I've built a campaign containing lots of quite specific phrases such as "lovely pretty red widgets" and "large noisy blue widgets" ('red widgets' and 'blue widgets' are extremely popular phrases, so I'm hoping to mop up some traffic round the edges).
The results of my campaign intrigue me - all the traffic comes from the content network, where the average position is around 2. None comes from search. Is this because:
1. No one searches on 'lovely pretty red widgets', but it's a phrase that does appear in people's sites, so it triggers content bidding, but not search bidding.
2. People do search on 'lovely pretty etc' but the bids are so high for 'red widgets' my ads never get a look in (I certainly don't see my ads when I search for them). So why do they do so well on the content network?
3. Something else entirely.
The reason I ask is I'm wondering if increasing my content bids would have any affect? Would a higher bid get me onto more sites, and hence get more impressions? Or just increase my average position. Option 1 above suggests not, options 2 & 3 suggest content bidding is more complex than I thought, and maybe it might.

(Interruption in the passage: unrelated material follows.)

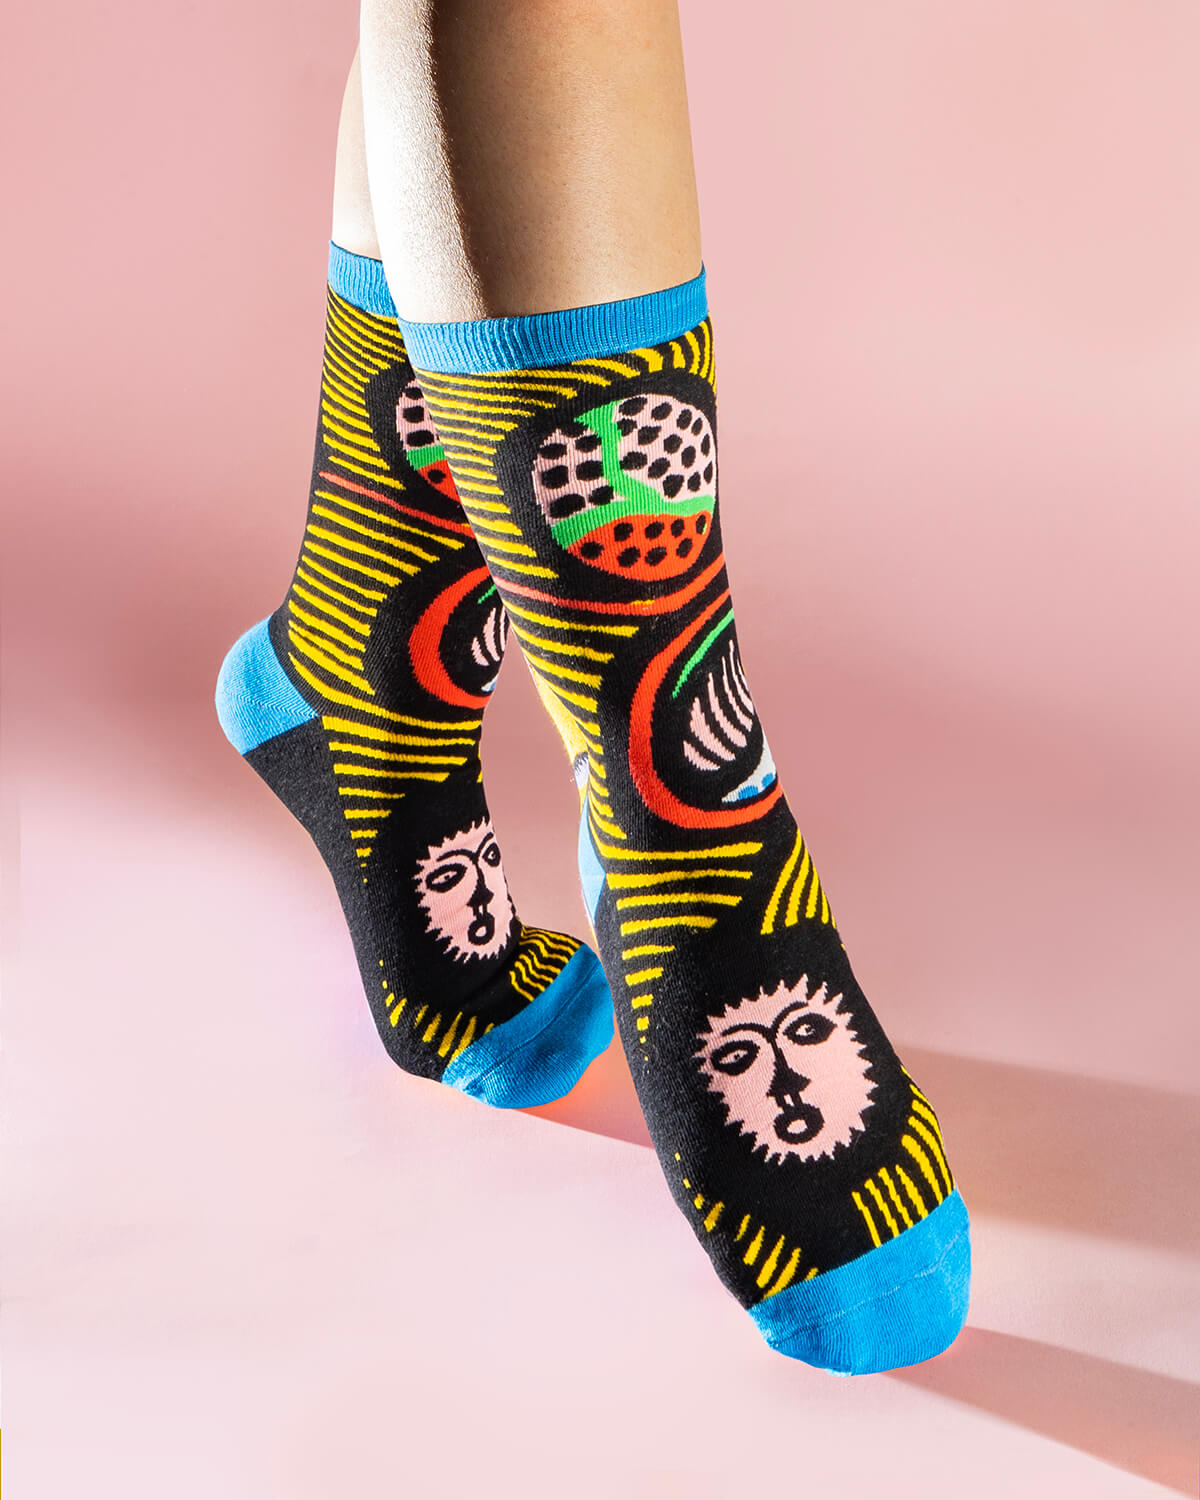 Yayoi Kusama 'To Michelle Obama' Knitted Socks 

Thanks everyone in advance!
Minty.
I generally opt out all content matching stuff due to low conversions.
you can as well view the position, page impressions etc in the campaign to see if there are any searches being made.
I would check carefully as if the positions in Google search are good and no impression are being registered I would tend to believe the content match searches are not what you are lookin for. Then again I could be wrong.

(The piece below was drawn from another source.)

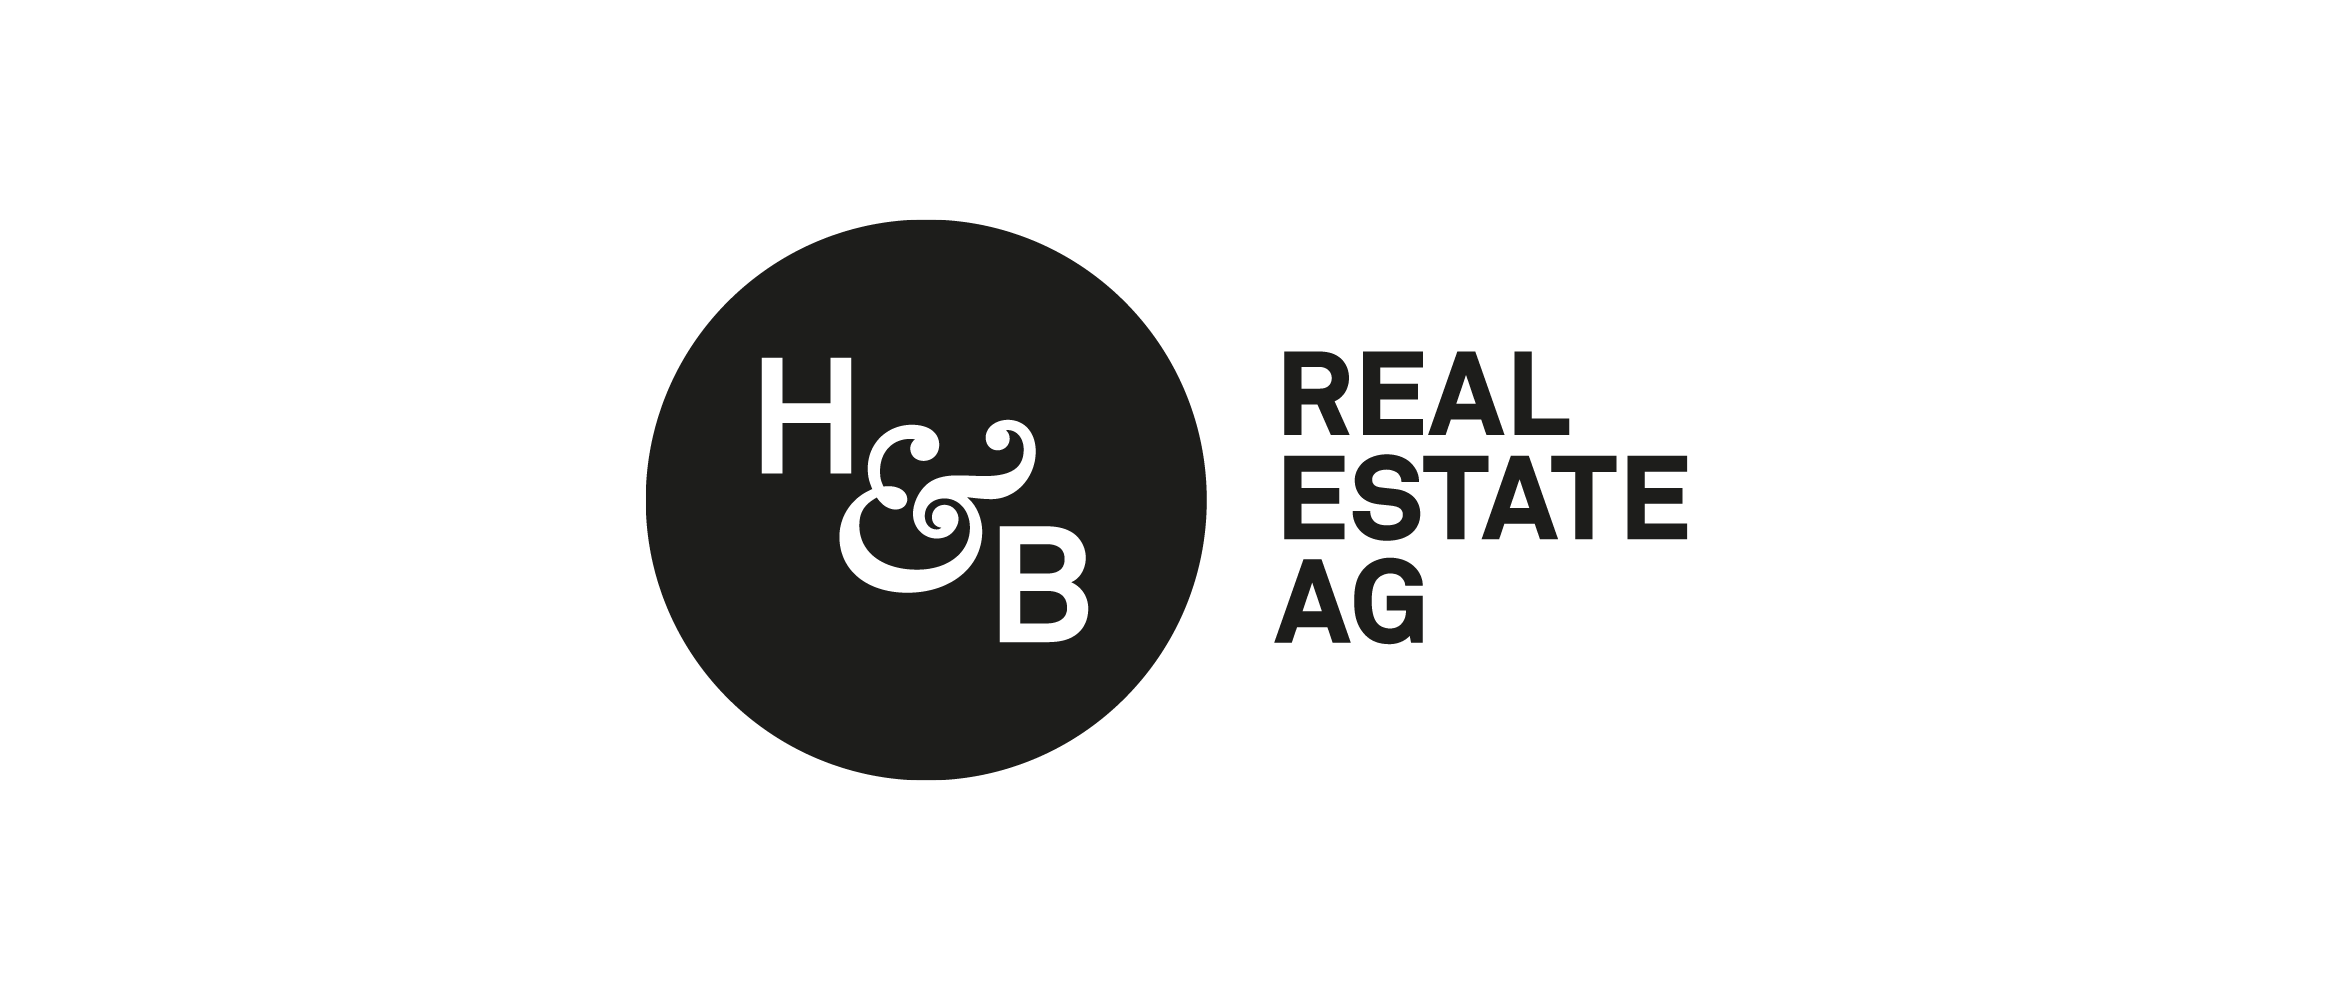 H & B Real Estate AG

As the previous poster suggested, sometimes I have found the traffic to be not worth the money and therefore I stop using it completely. However, I have other campaigns where content ads work very well for me. Have you turned on conversion tracking? That will tell you whether that content traffic is junk or not.
For example, I once had an ad for "facelift surgery" showing up on an Epinions page reviewing the Facelift album by Alice in Chains. Totally off topic.
True, but is it a bad thing or a good thing?
Imagine if somebody went to Google, typed in "facelift" and then found your site. When they get to your site there's not a single thing that interests them... with one exception: that little ad in the corner that says "facelift surgery". So they click on it.
I used to get all upset when I saw off-topic ads showing up on my pages, and I vowed one night to remove them all (by blocking various advertisers in the Google Adsense Thingie). After many hours of performing this thankless task I finally got my website with 100% on-topic advertisements everywhere.
Hurray! Hurray! No more off-topic ads, anywhere!
Only one problem.... my revenue went down. I wiped out the block-list, invited all those off-topic ads to come back to my site, and now I've learned to love them.